WHAT THE TASK REQUIRES =
Word for word, give the data again without its pictures.

PROVIDED MATERIAL =

....

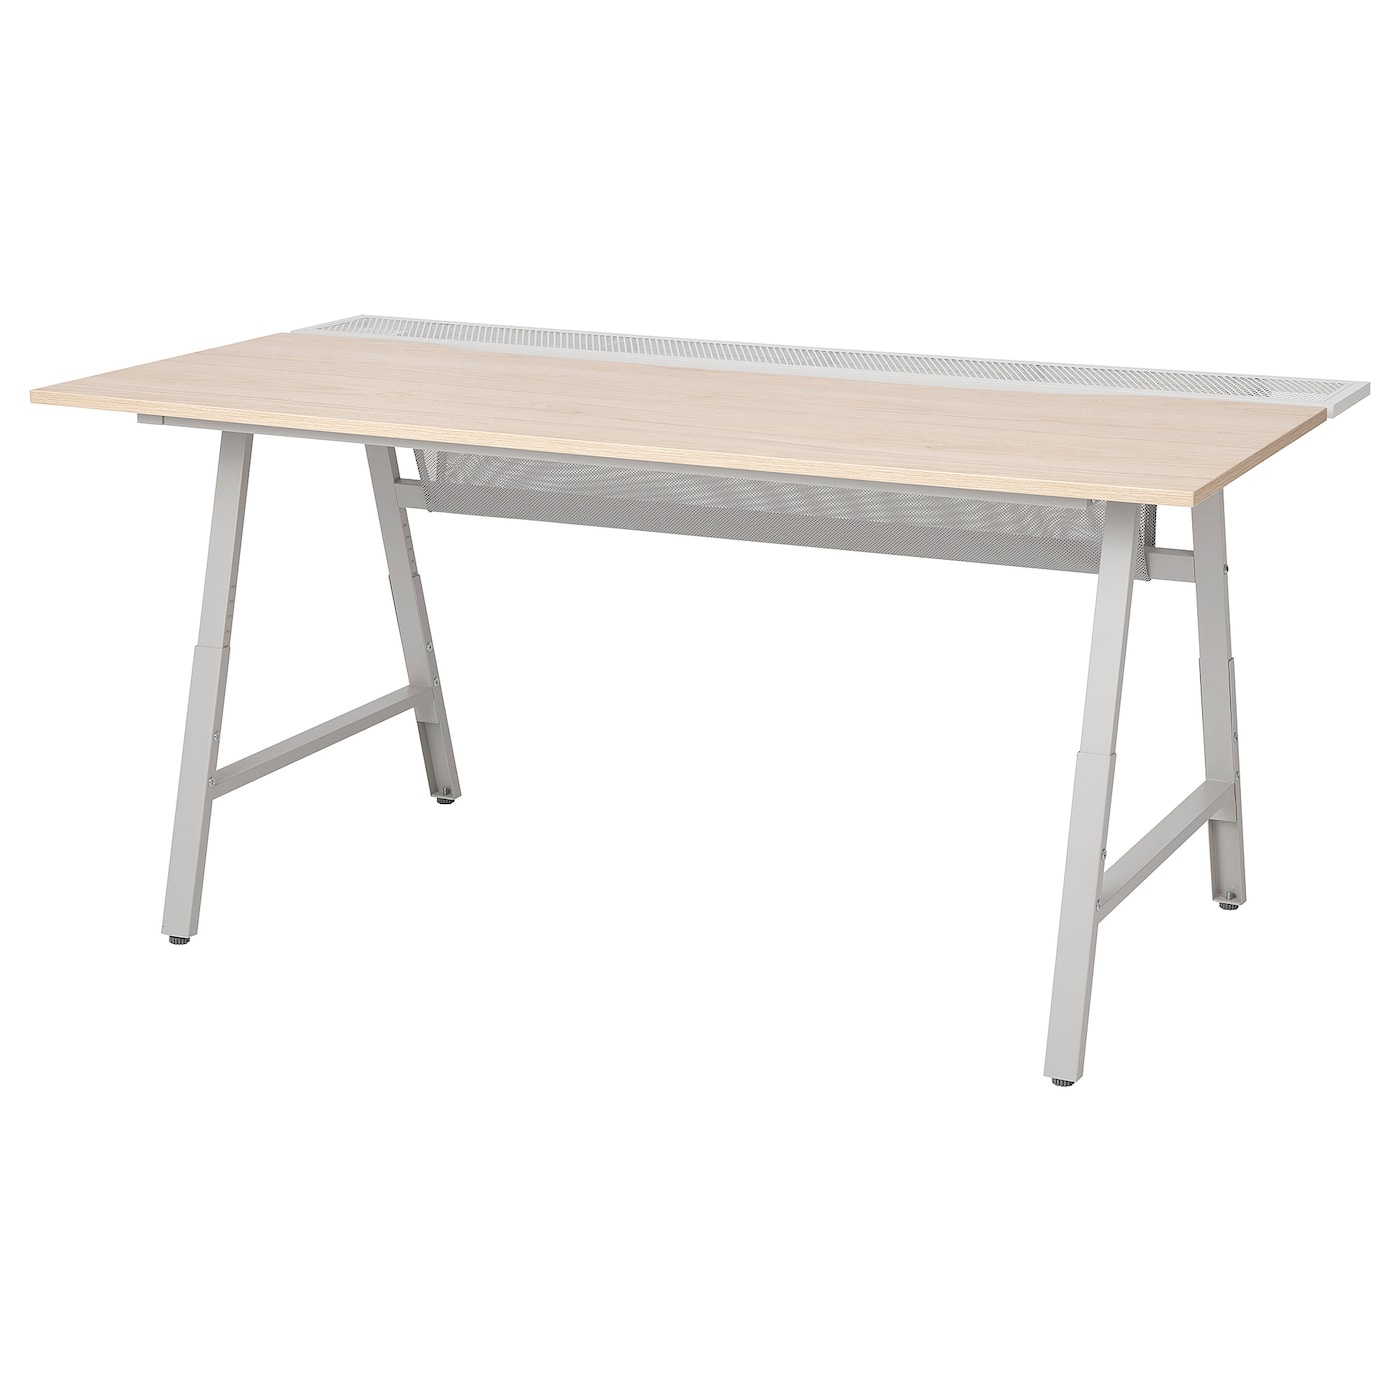 Игровой стол - IKEA UTESPELARE, с эффектом ясеня/серый, 160х80, УТЕСПЕЛАРЕ ИКЕА  ИКЕА
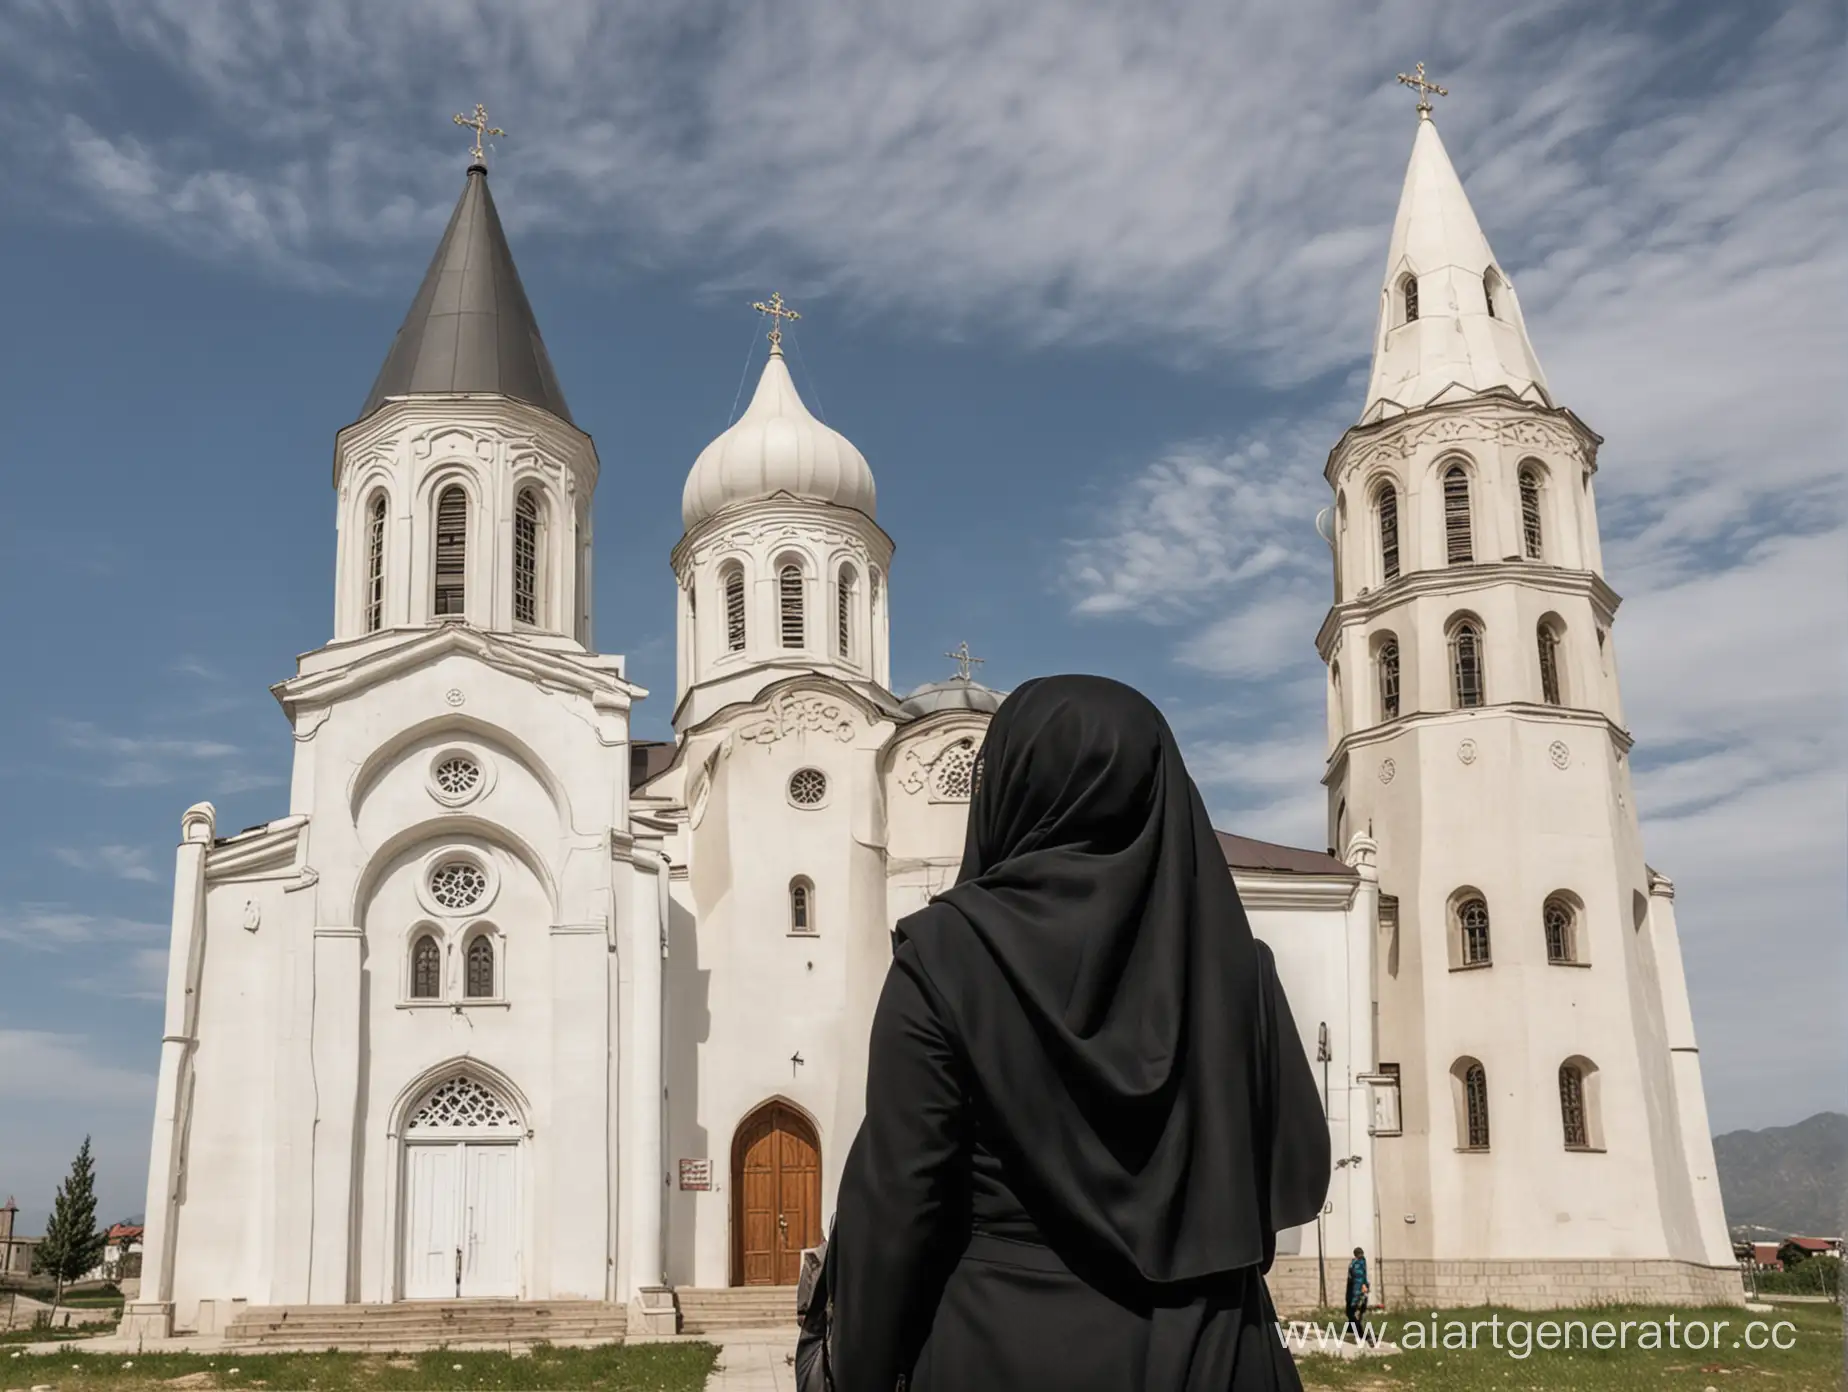 Христианка в хиджабе стоит лицом к белой православной церкви в Осетии
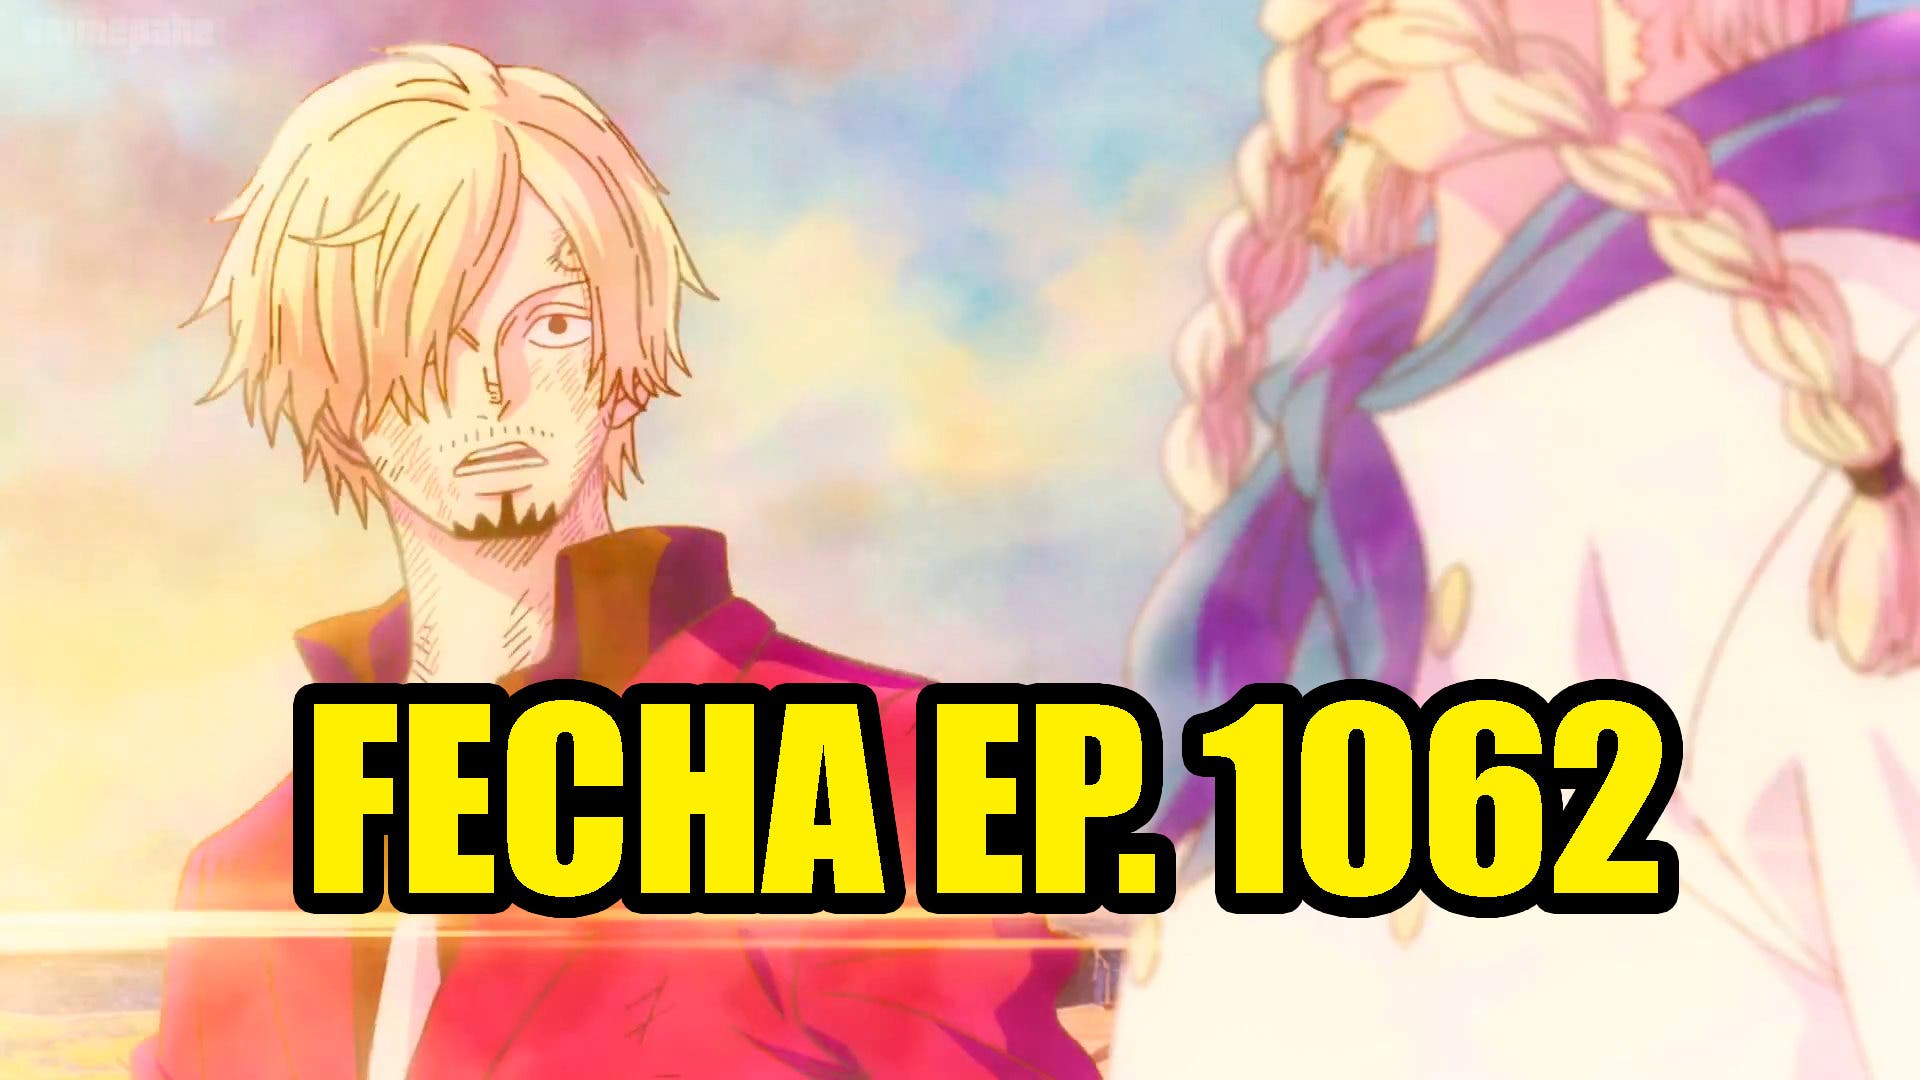 One Piece: horario y dónde ver el episodio 1020 del anime
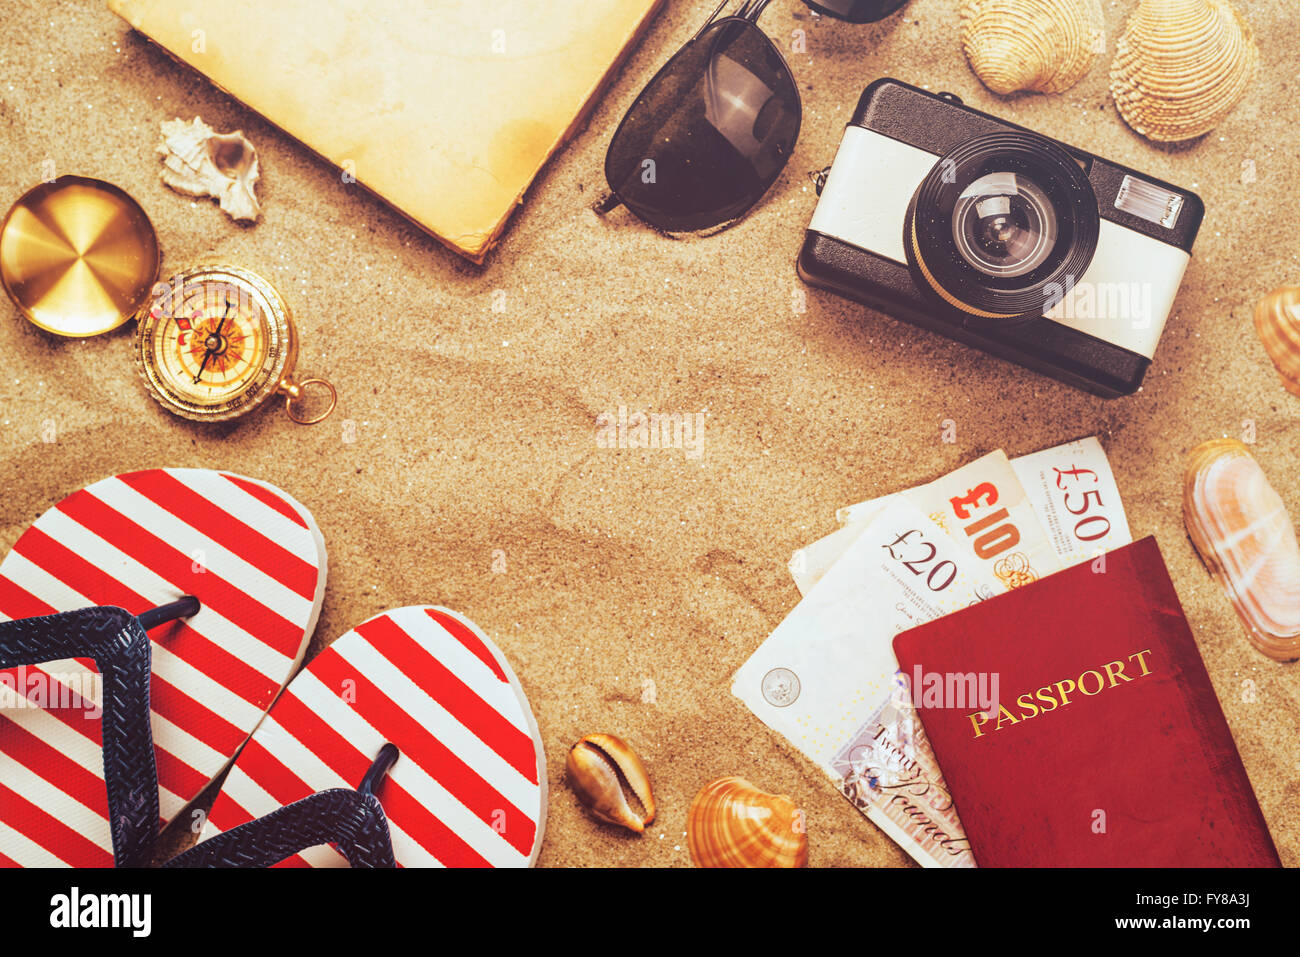 Sommer Urlaub Zubehör am tropischen Sandstrand Ocean Beach, Urlaub im Ausland - Sommer-Lifestyle-Objekten Stockfoto

....

RESULT =
 Игровой стол - IKEA UTESPELARE, с эффектом ясеня/серый, 160х80, УТЕСПЕЛАРЕ ИКЕА  ИКЕА
 Христианка в хиджабе стоит лицом к белой православной церкви в Осетии
 One Piece: horario y dónde ver el episodio 1020 del anime
 Sommer Urlaub Zubehör am tropischen Sandstrand Ocean Beach, Urlaub im Ausland - Sommer-Lifestyle-Objekten Stockfoto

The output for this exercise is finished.